Cork Nov. 24 - The Minerva, Captain Bell with convicts for Botany Bay, which sailed from this harbour on the 1st January, arrived at Sidney Cove on the 1st of May all well, being a period of only four months, without meeting a sail bound for England during the voyage. While off the Cape of Good Hope, they experienced a tremendous hurricane, which lasted for twenty minutes. The convicts conducted themselves properly, with the exception of a lame fellow (a self styled Captain) who endeavoured to induce them to mutiny; which, being discovered was immediately put a stop to by his being punished. [1]

Port Jackson

The Minerva arrived at Port Jackson 30th April/ 1st May 1818.

Convict Muster

On 8th May John Thomas Campbell, came on board to examine the prisoners. [5] He found them to be in good health except John McGar who had a slight fever. Robert Marang had been sent to the hospital on shore. The surgeon reported that no deaths had occurred on the voyage. [4]

The convict indents reveal the name of the convict, when and where tried, sentence, native place, calling, age and physical description with little else although it was noted that Samuel O'Hara from Antrim died at Port Macquarie 27 July 1833. [2]

Hobart

The Sydney Gazette reported that 157 male prisoners from the Minerva arrived in Hobart from Sydney in June 1818. The Guard was a detachment of the 48th regiment commanded by Lieut. Vandermulen who were to relieve Captain Nairn's company of the 46th regiment.

Passengers to Hobart included P.G. Hogan, Deputy Assistant Commissary General and wife; Lieut. C.J. Vandermulen and wife; and Ensign Lewis of the 48th regt. Miss Ellen Barry also gave notice of her intention to return to Hobart on the Minerva.

Notes and Links

1). James Hunter was also surgeon on the convict ships Prince Regent in 1820 and the Princess Royal in 1823.

2). Convicts and passengers of the Minerva identified in the Hunter Valley

3). Captain John Bell - Australian Dictionary of Biography

4). MINERVA'S SHOAL, was discovered by Captain Bell, in the ship of this name, in his passage from Port Jackson towards India, of which he has given the following description; and it seems to be a continuation of the Baring's Shoals to the eastward, for the Minerva's soundings were on the eastern part of the bank seen by the Baring.
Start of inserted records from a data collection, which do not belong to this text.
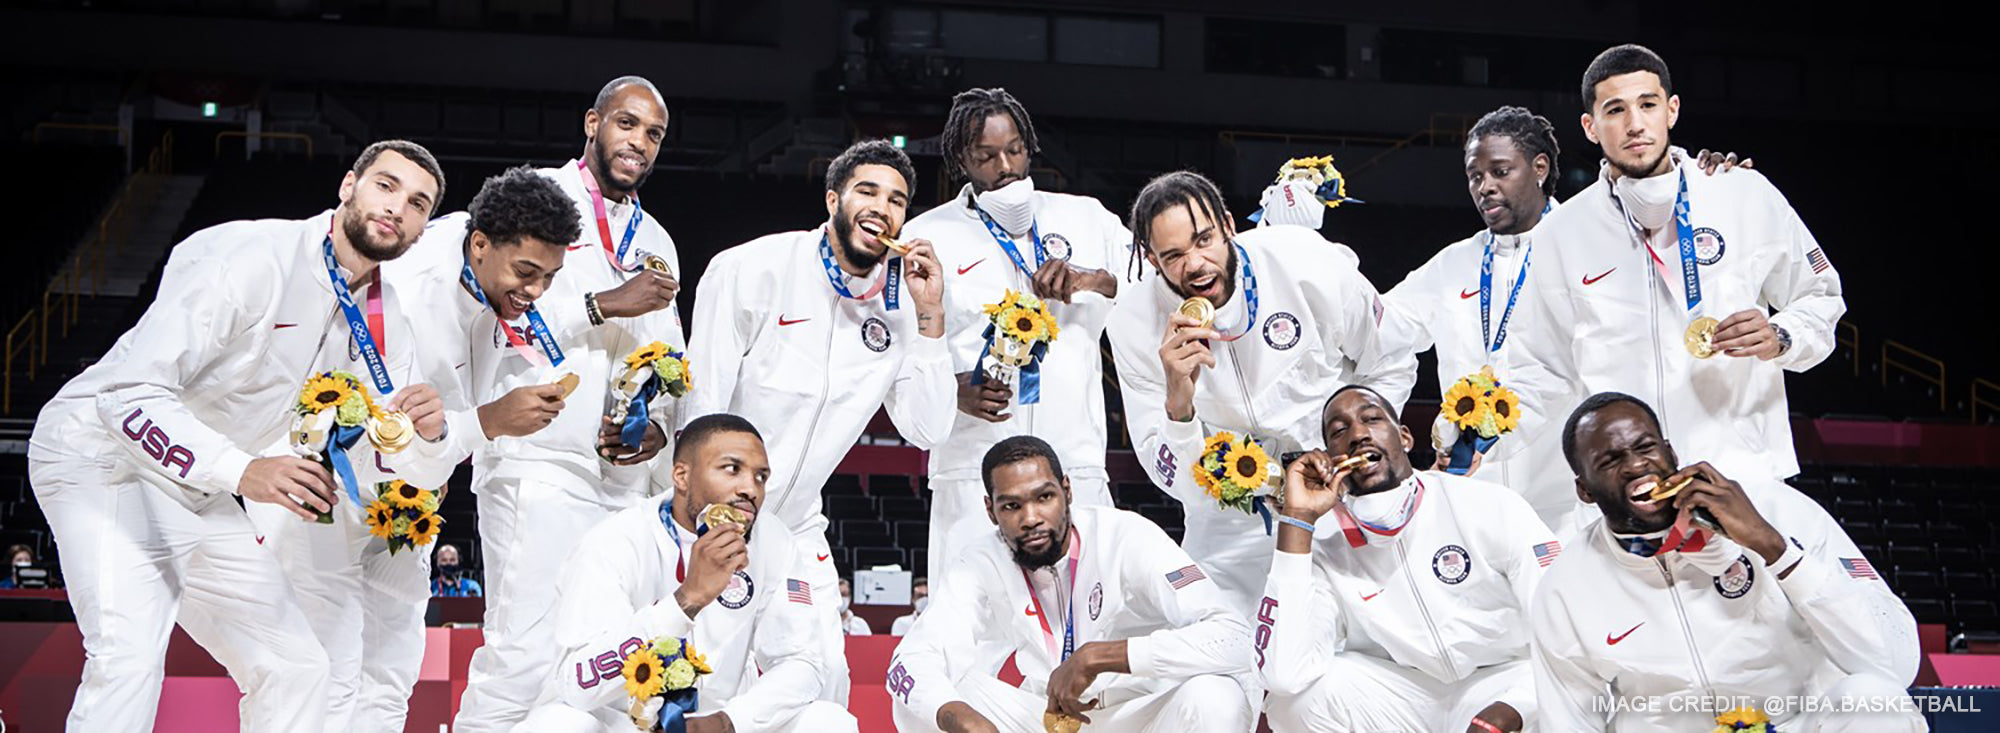 2020年東京奧運會,美國男子籃球隊連續第四次獲得金牌。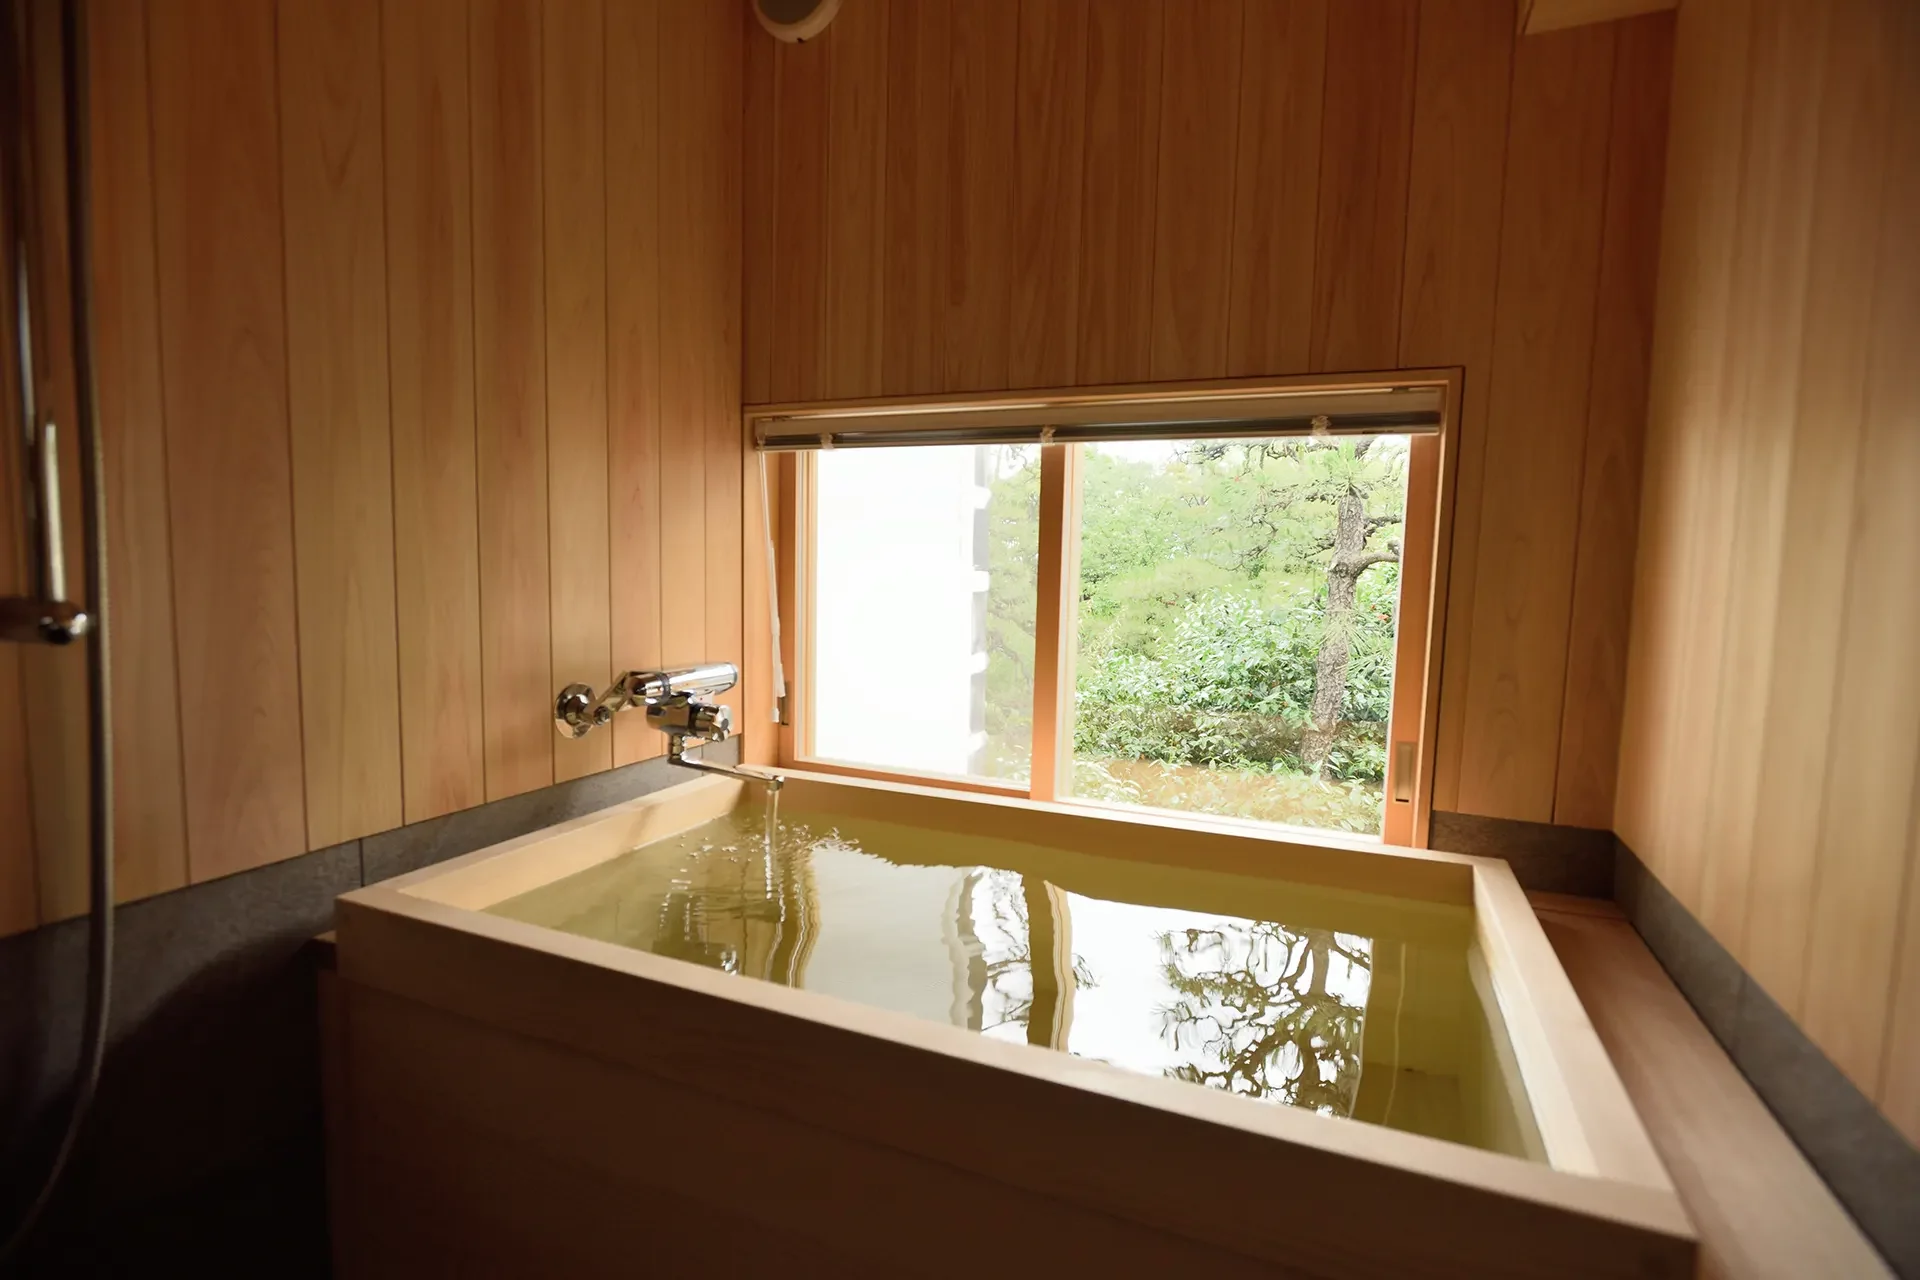 Schlichte Badewanne aus hellem Holz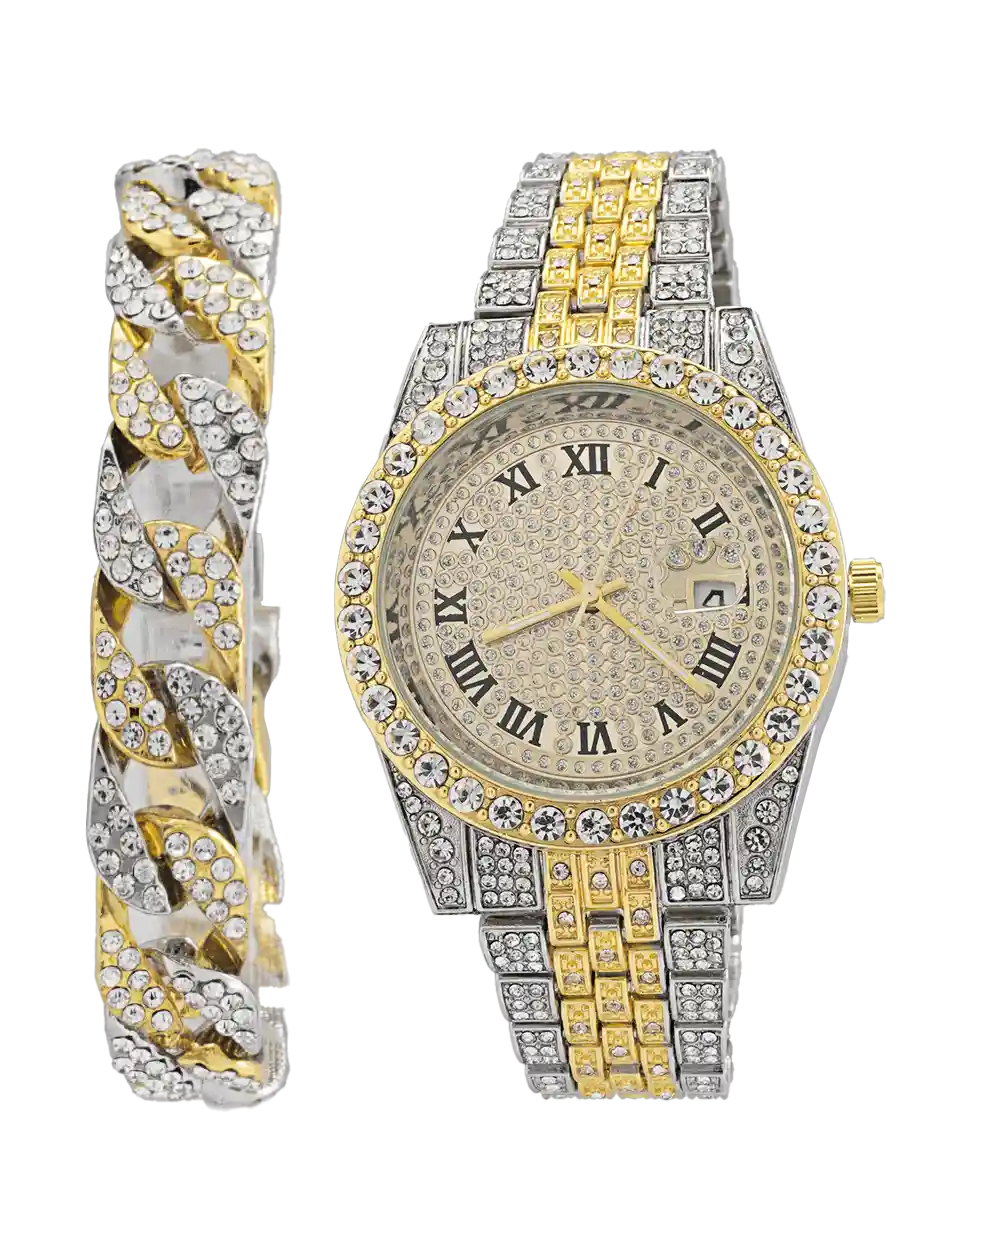 خرید ست ساعت مچی و دستبند مردانه فول نگین رولکس ROLEX مدل 1805 نقره ای طلایی با دستبند فول نگین قیمت 650 هزارتومان به همراه ارسال رایگان و جعبه

July 8th, 1818, at midnight, sounded in 33 fathoms coral, hauled up to the eastward, had from 33 to 30 fathoms sand and coral in a run of 5 miles, then tacked to south-west, and steered 8 miles in this direction, the depth gradually increasing to 36 fathoms. At day-light steered N. by E. with the lead kept going, and had from 30 to 35 fathoms coral and sandy bottom: at 114 A.M. had no ground at 40 fathoms, but immediately afterwards found ourselves on a bed of coral, with soundings of 10 to 15 fathoms, and the rocks quite visible. Hauled on a wind to south-west, shoaled to 9 and 8 fathoms, and the water appearing shoaler in that direction, steered to the eastward, and deepened quickly to 30 and 40 fathoms. When we first got soundings, were in lat. 21 22' S, lon. 159 10' E. by four good chronometers, in a run of eight days from Port Jackson: at noon, lat. 20 50' S., lon. 159  22: E. When upon the shoalest part, our situation was directly between the Shoals of Booby and Bellona, as marked in Captain Flinder's chart
. - India Directory

References

[1] Freeman's Journal 30 November 1818 p. 4

[2] Convict Indents. State Archives NSW; Series: NRS 12188; Item: [4/4006]; Microfiche: 639

[3] Bateson, Charles Library of Australian History (1983). The convict ships, 1787-1868 (Australian ed). Library of Australian History, Sydney : pp.340-341, 382

[4] Medical Journal of James Hunter on the voyage of the Minerva. Ancestry.com. UK, Royal Navy Medical Journals, 1817-1857 The National Archives. Kew, Richmond, Surrey.